Provide an RDB snapshot that the replica can handle, for resilience during rolling upgrades.

This permits an older replica to do a full sync from a newer primary. The primary takes the replica's announced version into account when generating the snapshot. In particular, it allows latest Valkey to send snapshots as RDB 11 to replicas running Valkey 7.2 and 8.x.

The implementation is structurally similar to how filtered snapshots with REPLCONF RDB-FILTER-ONLY works (commits 1bf6d6f, 65a7635) and to the feature negotiation that replicas initiate using REPLCONF CAPA.

If any new features that the replica can't handle (such as hash-field expiration and atomic slot migration) are in use, the full sync is aborted and the replica connection is closed.

This mechanism will allow us to do RDB changes more often.

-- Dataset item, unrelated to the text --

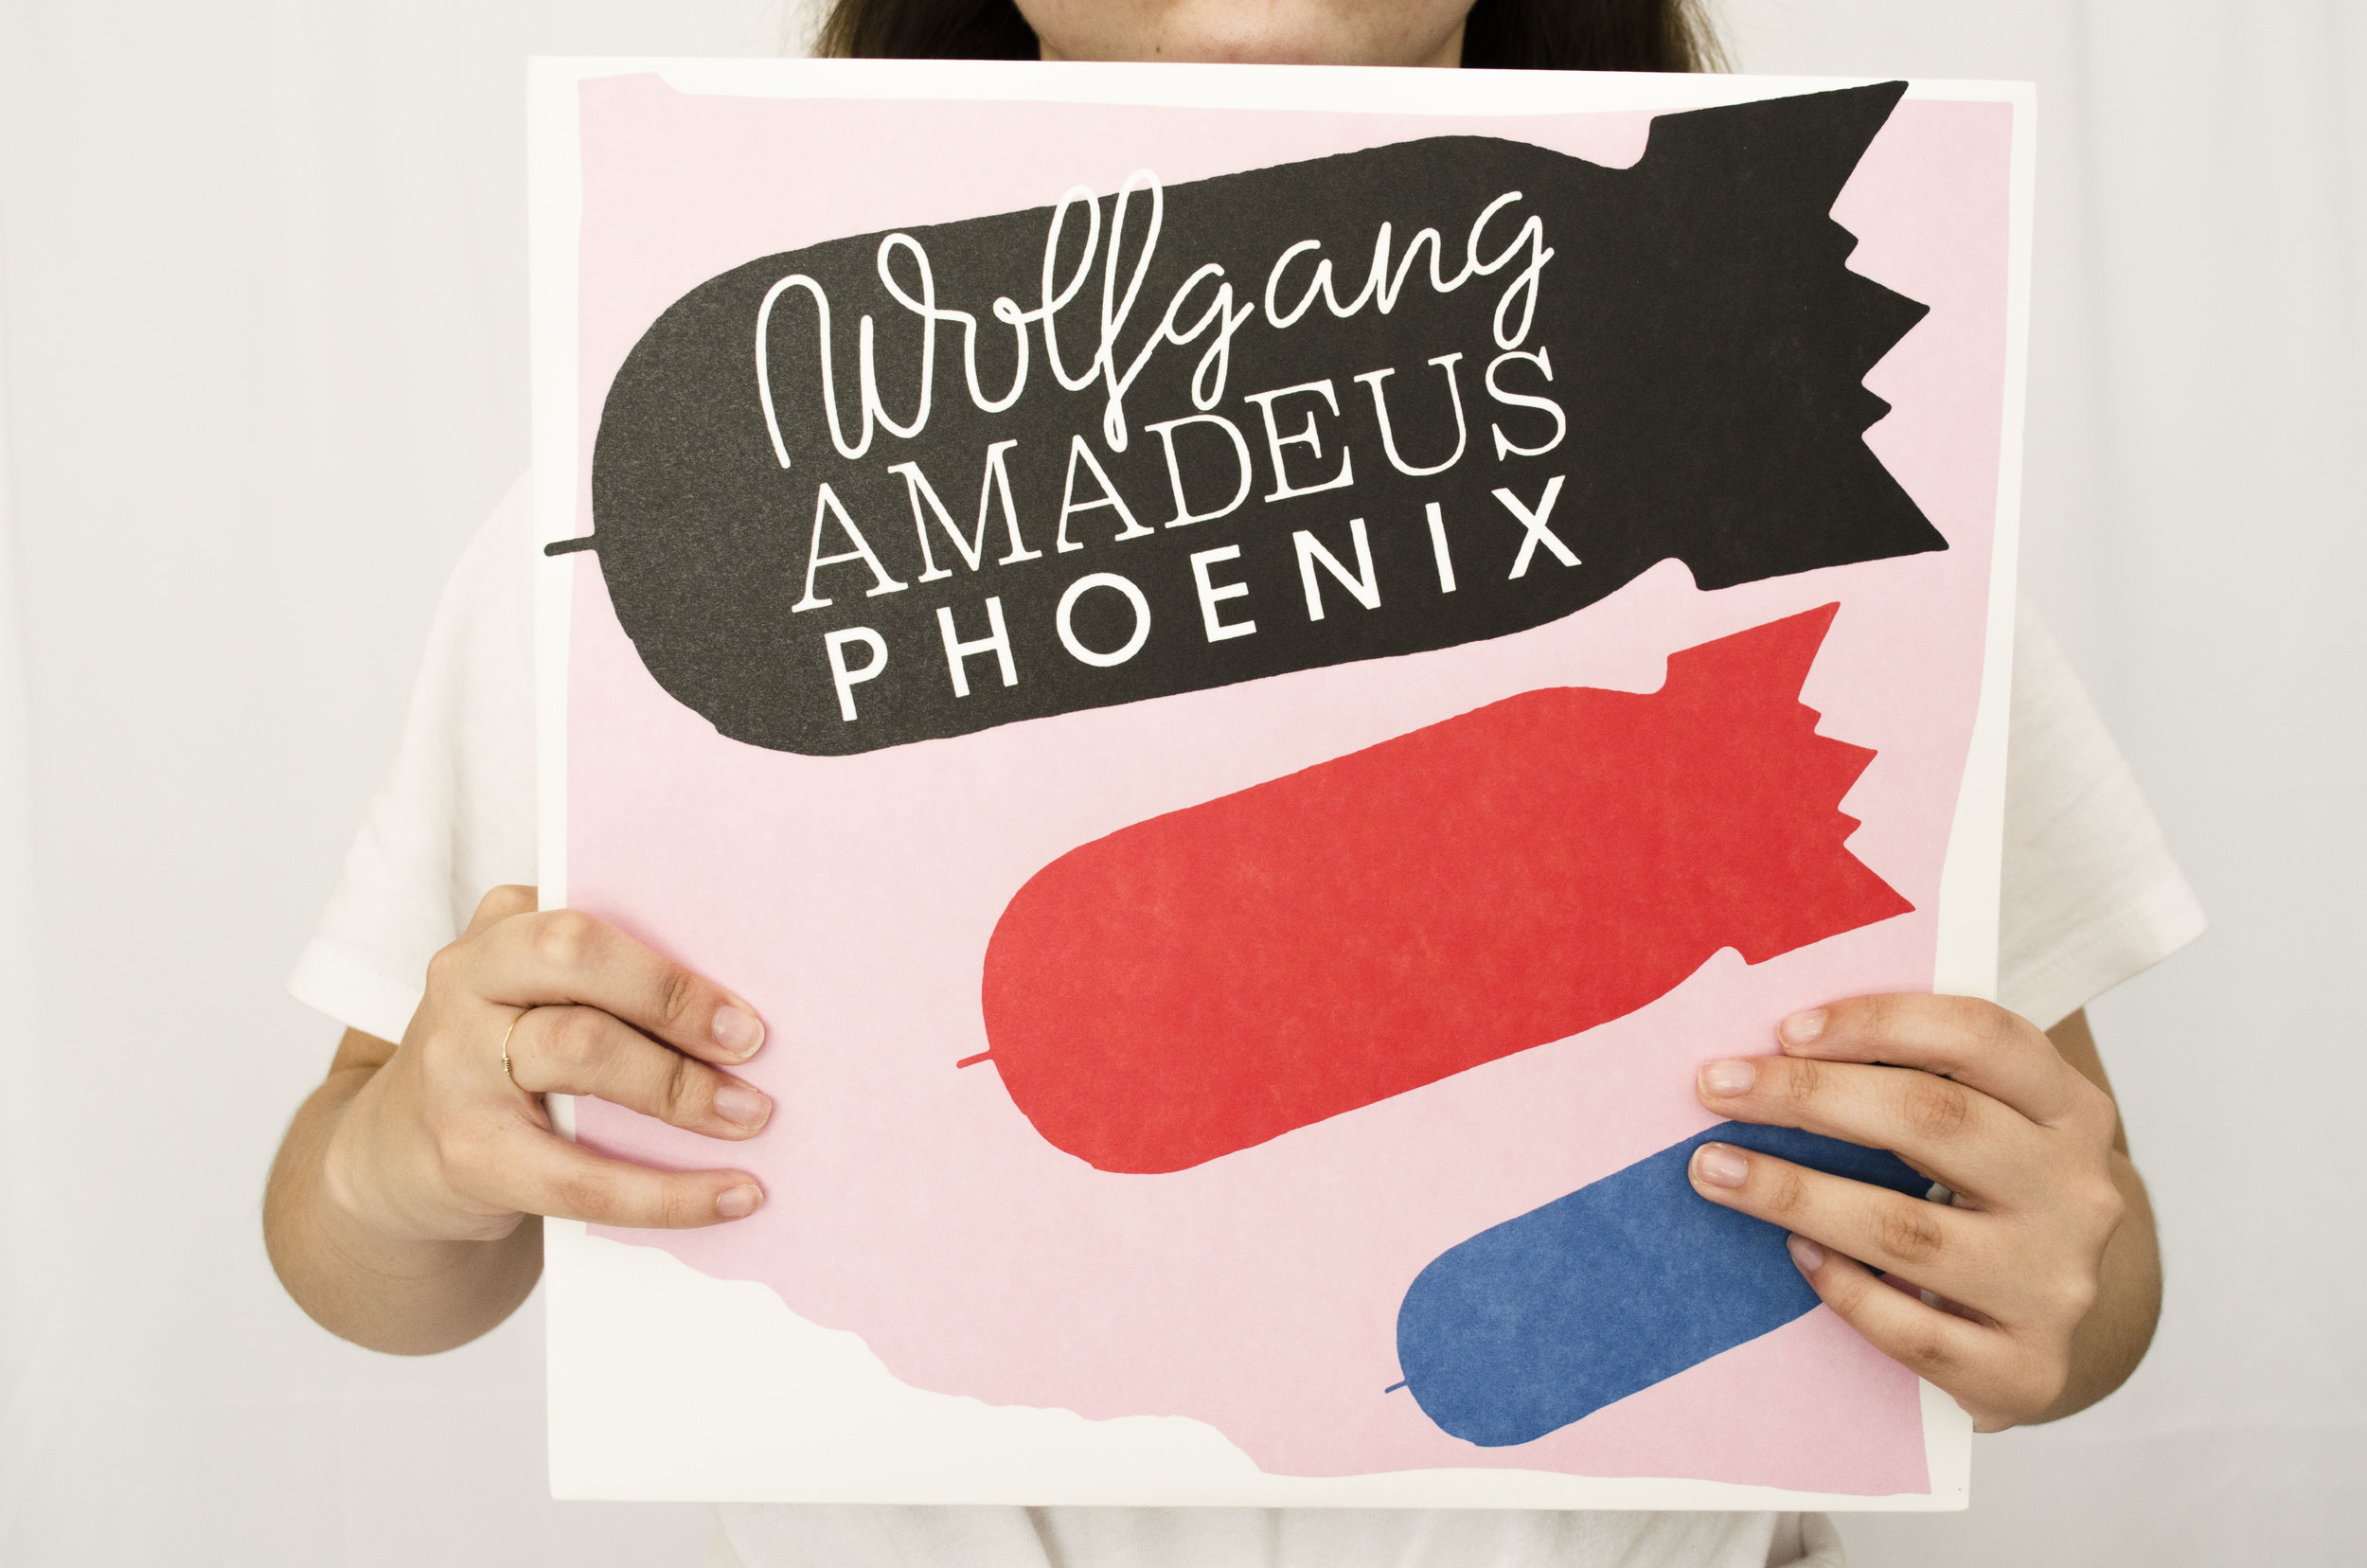 Wolfgang Amadeus - by Phoenix

In the recent years, we have been avoiding RDB changes. With this mechanism, there is no need to avoid introducing RDB changes such as new encodings and new compression algorithms (#1962).

In my experience, providing a way to undo an upgrade makes users less worried and actually more willing to upgrade. This is true not least when Valkey is a part of a larger system which is upgraded as a whole. Valkey may be just one microservice of many within a larger system; not uncommon in on-prem deployments. If anything goes wrong (even if it's not Valkey itself) the user wants a way to roll back the whole system to the last working state.

This speaker in this talk presents a similar experience:
https://www.youtube.com/watch?v=IIElfMbE8cw

In the talk, it's mentioned that rolling back a system can even be part of compliance and SLA requirements.

codecov · 2025-10-14T15:14:01Z

Codecov Report

❌ Patch coverage is 89.65517% with 6 lines in your changes missing coverage. Please review.
✅ Project coverage is 72.41%. Comparing base (8182f4a) to head (ae6567d).
⚠️ Report is 25 commits behind head on unstable.

Files with missing lines	Patch %	Lines
src/rdb.c	87.50%	4 Missing ⚠️
src/cluster_migrateslots.c	50.00%	2 Missing ⚠️

Additional details and impacted files

@@             Coverage Diff              @@
##           unstable    #2735      +/-   ##
============================================
- Coverage     72.58%   72.41%   -0.18%     
============================================
  Files           128      128              
  Lines         71277    70165    -1112     
============================================
- Hits          51736    50807     -929     
+ Misses        19541    19358     -183

Files with missing lines	Coverage Δ
src/aof.c	`81.07% <100.00%> (-0.11%)`	⬇️
src/cluster.c	`90.22% <100.00%> (-0.03%)`	⬇️
src/rdb.h	`100.00% <ø> (ø)`
src/replication.c	`85.93% <100.00%> (-0.18%)`	⬇️
src/server.h	`100.00% <ø> (ø)`
src/cluster_migrateslots.c	`92.01% <50.00%> (-0.07%)`	⬇️
src/rdb.c	`76.69% <87.50%> (-0.43%)`	⬇️

... and 100 files with indirect coverage changes

🚀 New features to boost your workflow:

❄️ Test Analytics: Detect flaky tests, report on failures, and find test suite problems.
📦 JS Bundle Analysis: Save yourself from yourself by tracking and limiting bundle sizes in JS merges.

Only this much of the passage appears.